Following the RIAA's unprecedented
legal attack on the
users of file sharing networks, Pacific Bell has launched a countersuit arging that the RIAA's tactics of issuing subpoenas to ISPs is illegal.
In a complaint filed with the U.S. District Court in San Francisco, Internet service provider PBIS, operated by San Antonio-based SBC, alleges that many of the subpoenas served against it by the Recording Industry Association of America were done so improperly.
The suit also called to question some sections of the Digital Millennium Copyright Act, the federal law the RIAA contends supports its latest legal actions. A spokesman for SBC said the RIAA's use of the DMCA in its legal quest for online song-sharers butts up against the privacy rights of SBC's customers.
"The action taken by SBC Internet Services is intended to protect the privacy of our customers," said SBC spokesman Larry Meyer. "Misapplication of DMCA subpoena power raises serious constitutional questions that need to be decided by the courts, not by private companies which operate without duty of due diligence or judicial oversight."
[...]
PBIS claims that more than 200 subpoenas seeking file-sharers' e-mail addresses were issued from the wrong court of jurisdiction.
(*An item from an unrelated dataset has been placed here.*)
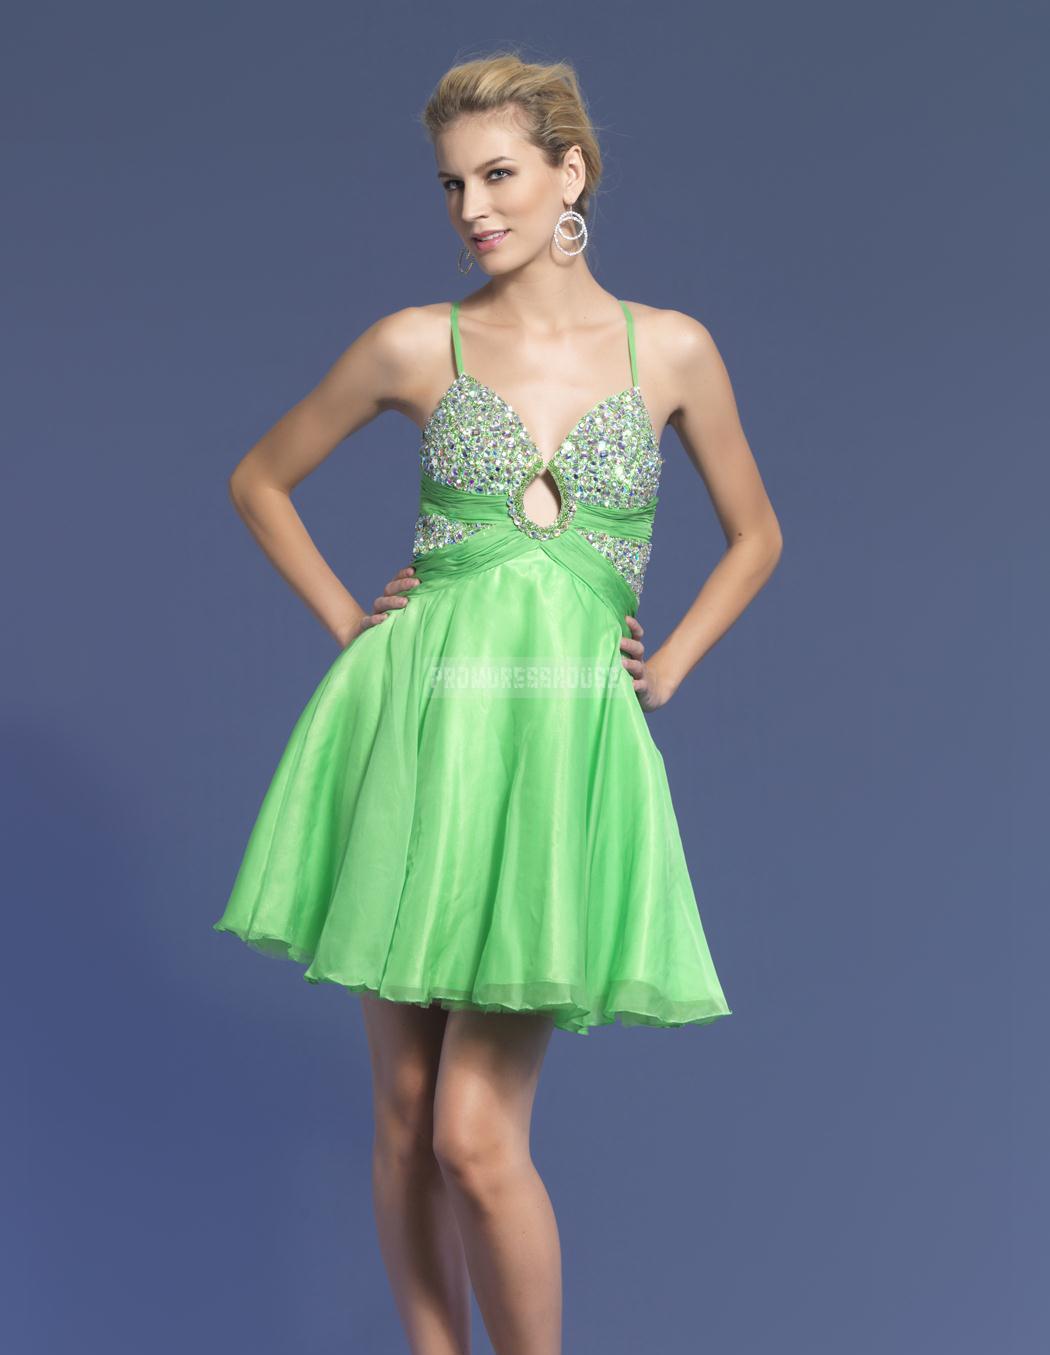 Organza Baby Doll Green Spaghetti Straps Beading Prom Dress - Promdresshouse.com

Moreover, PBIS said the recording industry's demand for information on multiple file-sharers cannot be grouped under one subpoena, and that the demands themselves are overly broad.
In the complaint, PBIS maintains it only acts as a "passive conduit" for the activity of its subscribers and "does not initiate or direct the transmission of those files and has no control over their content or destination."
[...]
The recording industry has won at least 871 federal subpoenas against computer users suspected of illegal sharing music files on the Internet. The RIAA is trying to compel some of the largest Internet providers, such as Verizon Communications Inc. and Comcast Cable Communications Inc., to identify names and mailing addresses for users on their networks.
- AP, Pac Bell's Internet arm sues music industry over file-sharer IDs.